Intentional breathing tells your body you are safe. It signals that you don’t need to be in fight-or-flight mode. And for someone who has lived a good portion of their life in survival mode, that signal matters.
Breathing doesn’t erase stress. It doesn’t magically fix circumstances. But it creates space. And space is where regulation happens.
That’s why this practice feels so soft to me. It doesn’t demand productivity. It doesn’t ask me to achieve anything. It simply asks me to exist in my body for a few moments without judgment.
Box Breathing Changed Everything
If there’s one technique that truly shifted my relationship with breathing, it’s box breathing.
I remember the first time I tried it consistently and thought, Oh. This is different.
Box breathing is structured, which helps my brain. Inhale for four counts. Hold for four. Exhale for four. Hold for four. Repeat. The rhythm creates containment. It gives my thoughts something to anchor to. It keeps me from drifting into worry while I’m trying to calm myself down.
There’s something incredibly grounding about the predictability of it. Each side of the box holds you in place. Each breath becomes intentional instead of reactive.
When I practice box breathing, I can feel my body settle. My shoulders drop. My heartbeat steadies. My mind stops racing long enough for me to feel present.
It’s subtle, but it’s powerful.
Why Box Breathing Works (The Science Behind the Softness)
Box breathing isn’t just a calming trick. It has real, measurable effects on both physical and mental wellbeing.
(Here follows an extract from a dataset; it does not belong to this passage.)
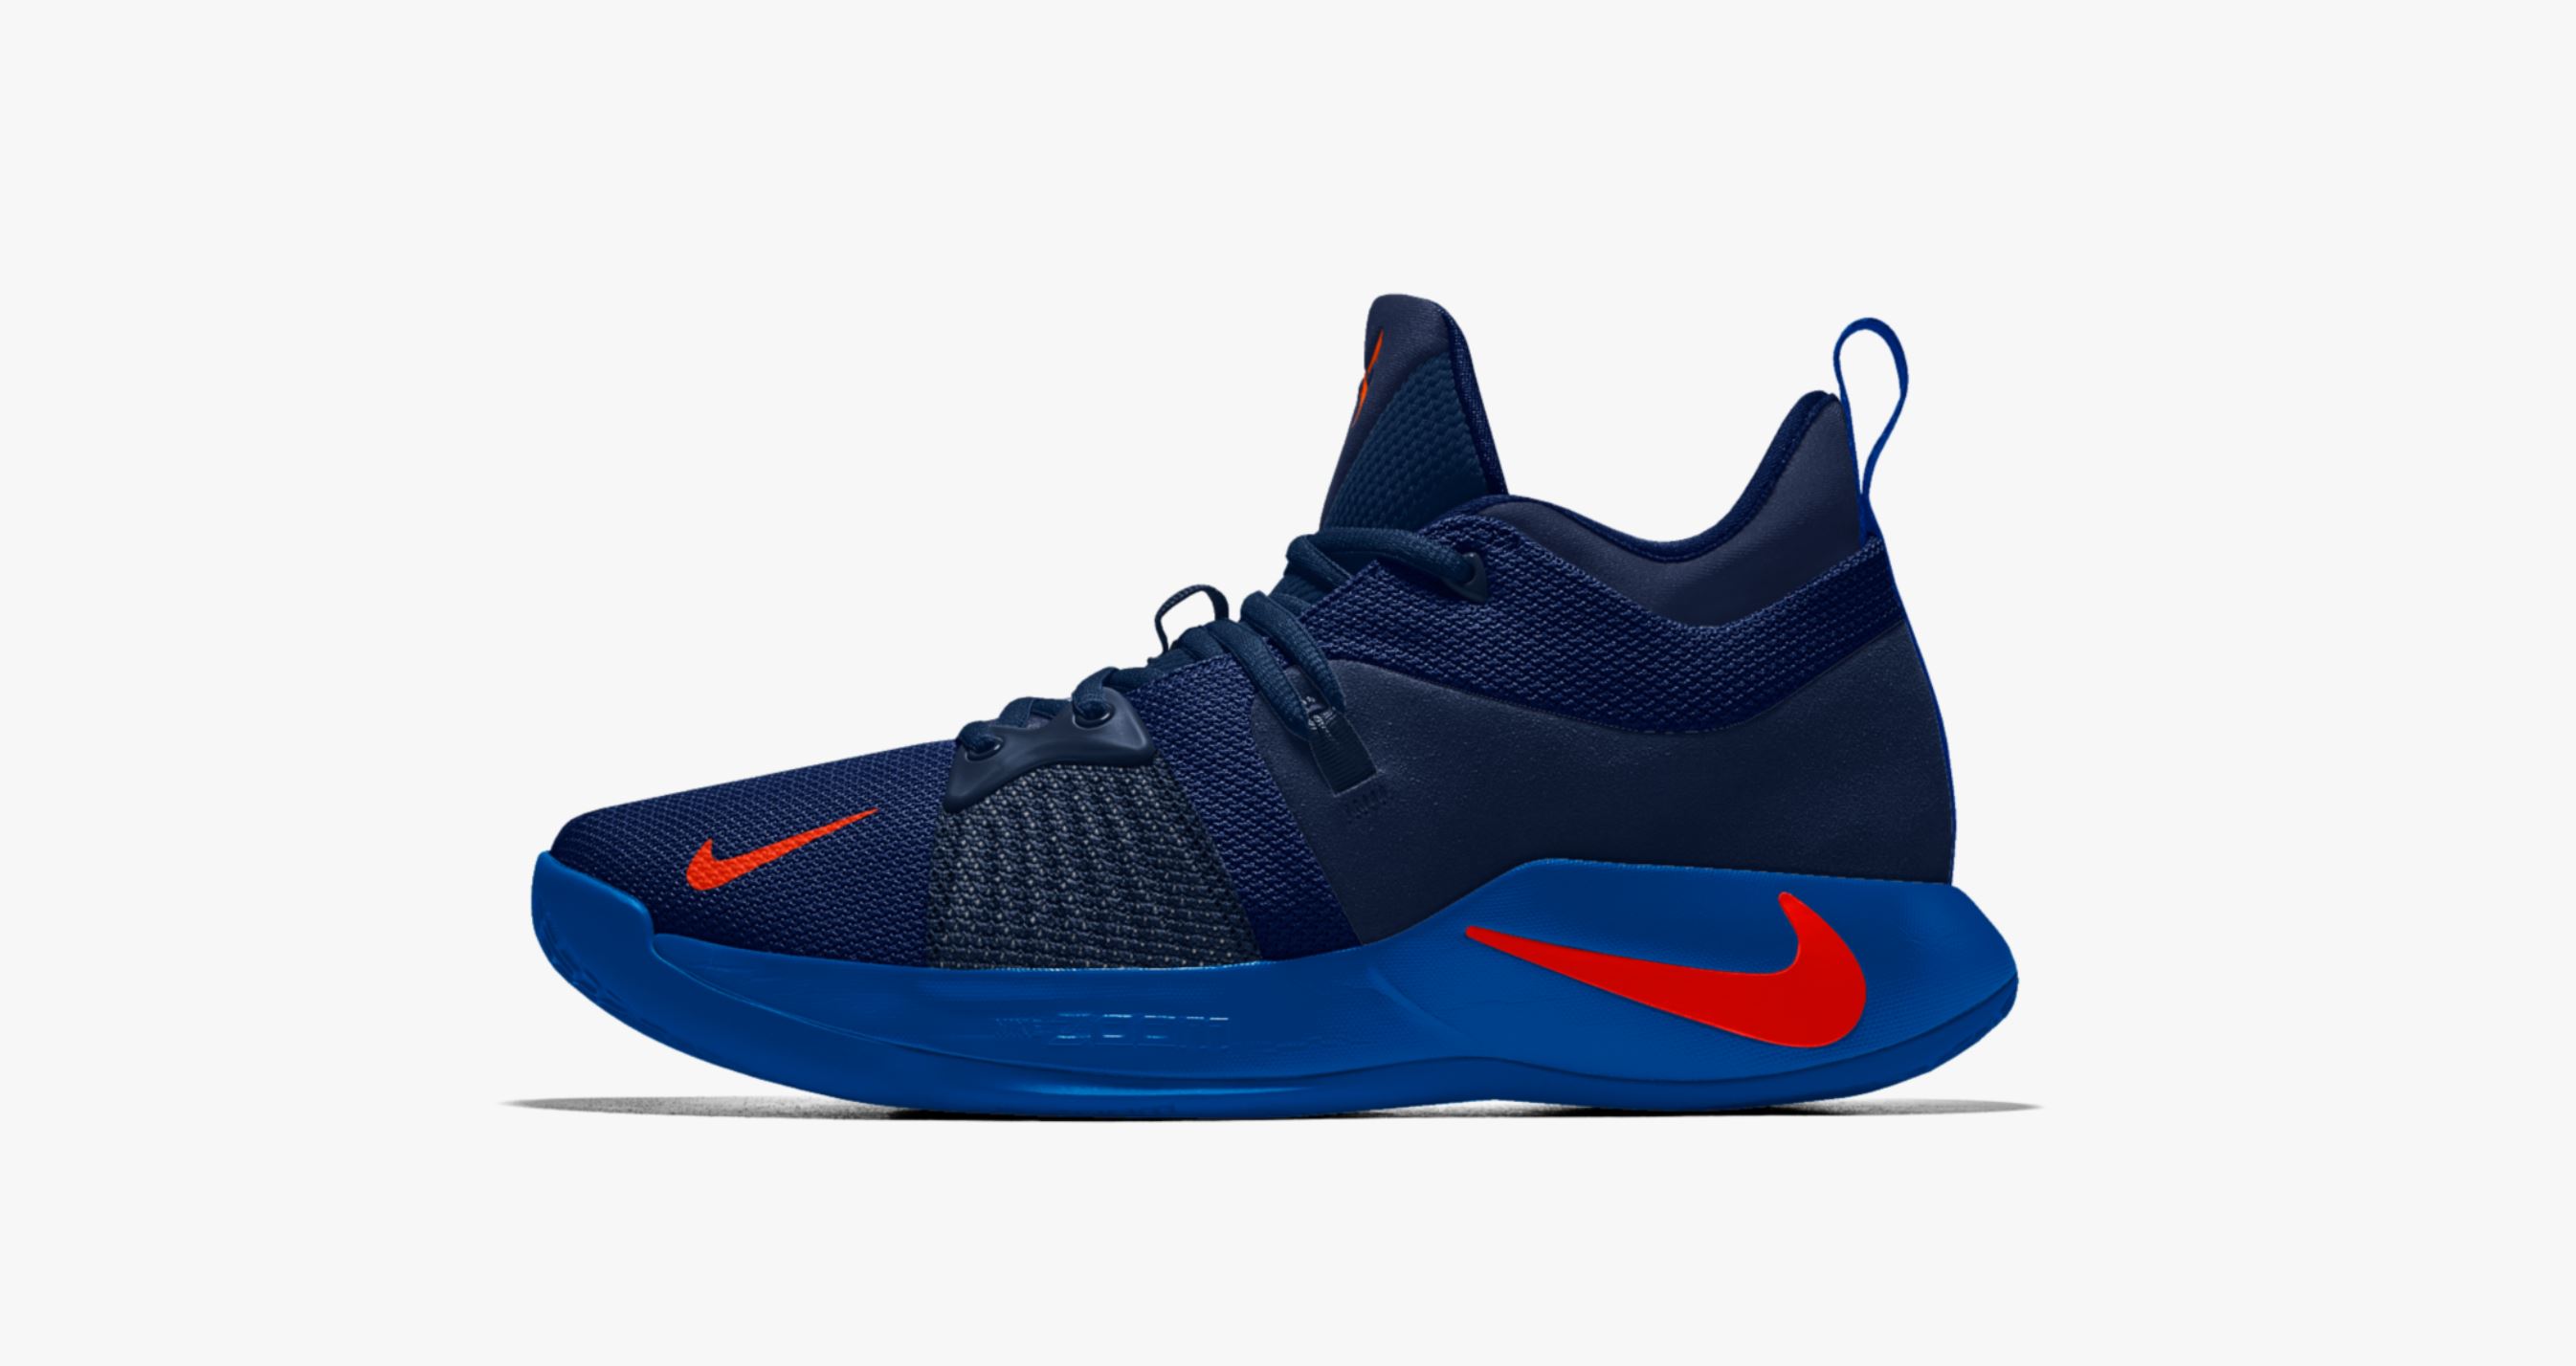 The Nike PG 2 is Now Available for

From a physiological standpoint, box breathing activates the parasympathetic nervous system, the part of your body responsible for rest, digestion, and recovery. When you slow your breath and add intentional holds, you stimulate the vagus nerve, which helps lower heart rate, reduce blood pressure, and decrease cortisol levels. In simple terms, your body gets the message that it is safe.
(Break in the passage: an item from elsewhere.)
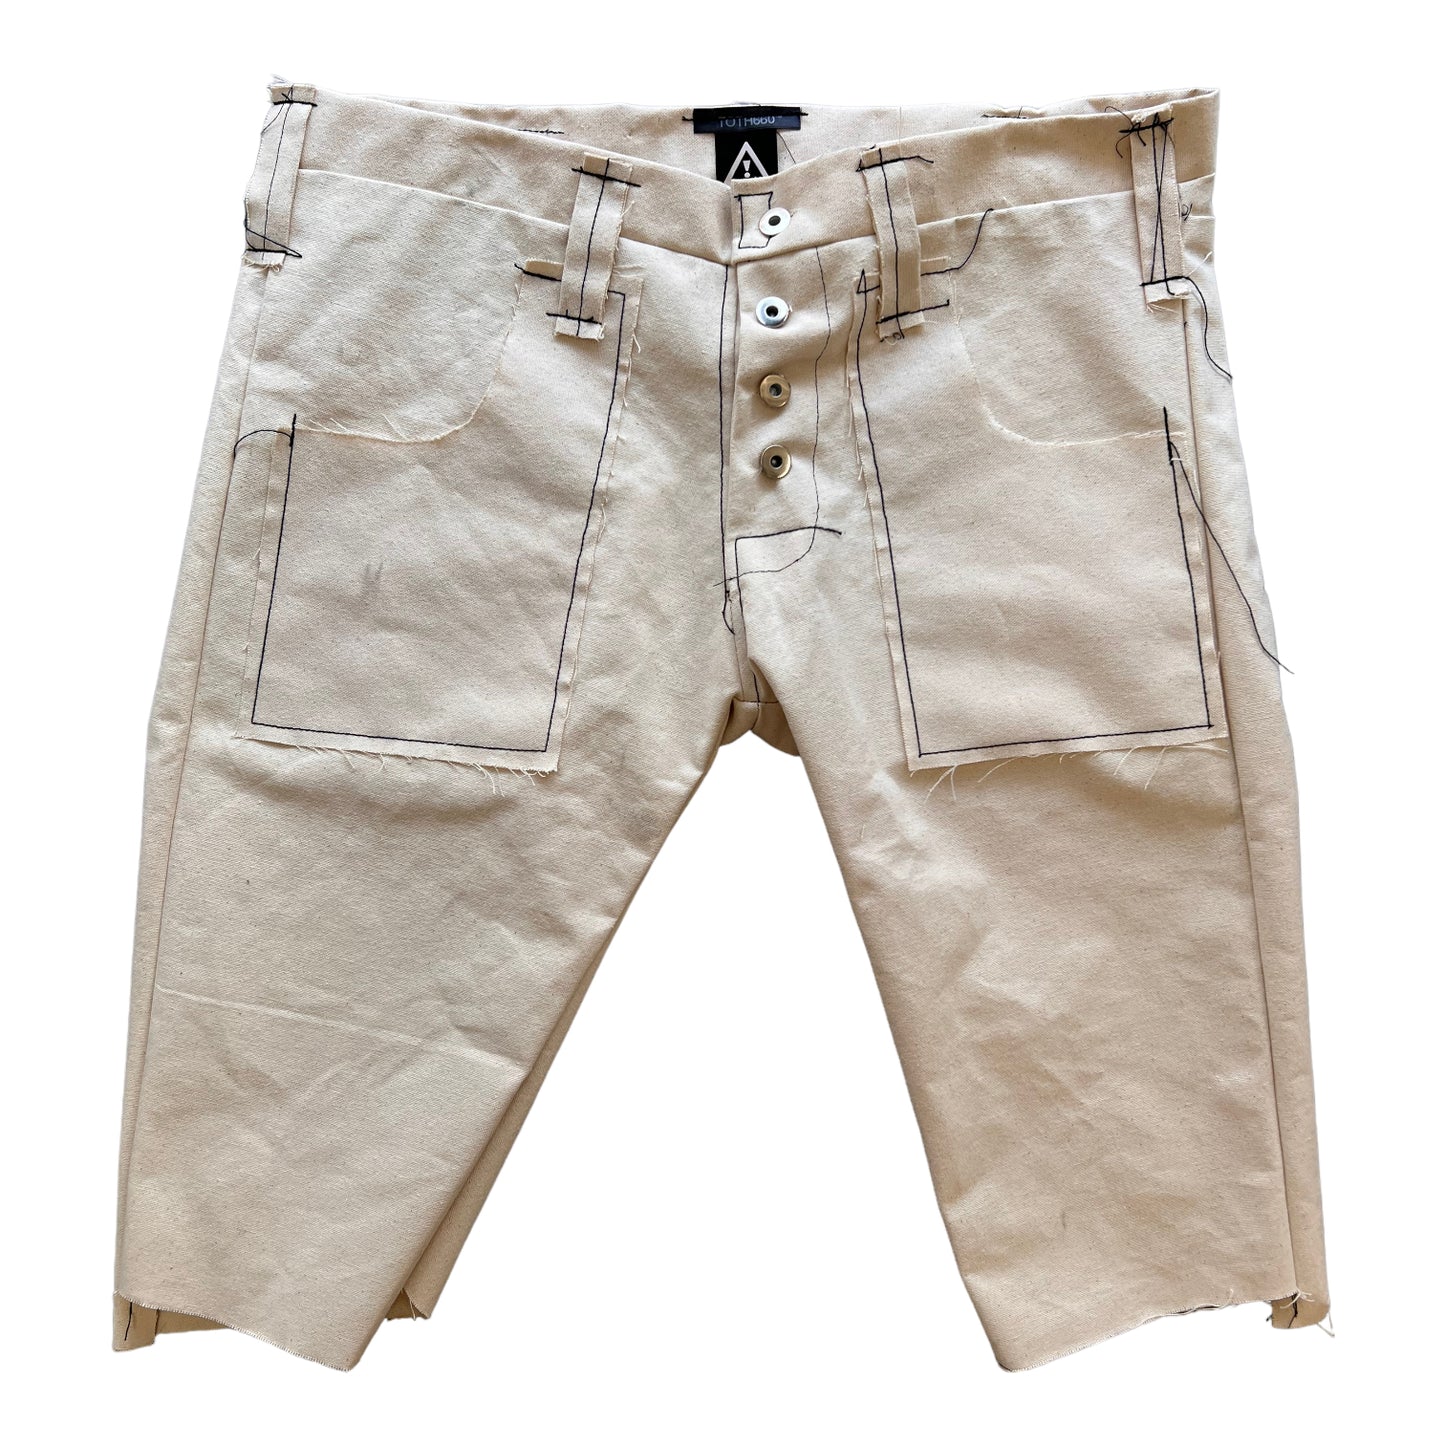 Toth 660 RAW canvas white shorts

Research has shown that controlled breathing patterns like box breathing can:
- Reduce symptoms of anxiety and stress
- Improve emotional regulation
- Increase focus and cognitive clarity
- Lower heart rate and stabilize blood pressure
- Improve resilience to stress over time
Mentally, the structure of box breathing matters just as much as the breath itself. Counting the inhale, hold, exhale, and hold gives the mind something concrete to focus on. This interrupts rumination and anxious thought loops, which is why box breathing is often taught to people in high-stress professions, including first responders and military personnel.
What I find most powerful about box breathing is that it works with the body, not against it. You’re not forcing calm. You’re creating the conditions for calm to emerge naturally. The body slows first. The mind follows.
That’s why this practice feels so soft to me. It’s not about controlling my emotions. It’s about supporting my nervous system so my emotions don’t have to scream to be heard.
A Practice, Not a Perfection
I want to be clear about something: I’m not perfect at this. I fall off. I forget. I go days without practicing and then wonder why I feel so dysregulated. Life gets busy, and old habits sneak back in.
But breathing is the one self-care practice I always return to.
Because it’s accessible.
Because it doesn’t require tools or space or money.
Because it meets me exactly where I am.
Breathing reminds me that softness doesn’t have to be elaborate. Sometimes softness is a pause. Sometimes it’s a few intentional inhales. Sometimes it’s choosing to regulate instead of react.
This practice has taught me that peace doesn’t always arrive as a feeling. Sometimes it arrives as a physiological shift. A calmer heartbeat. A slower breath. A nervous system that finally believes it can rest.
And for me, that is the softest kind of care.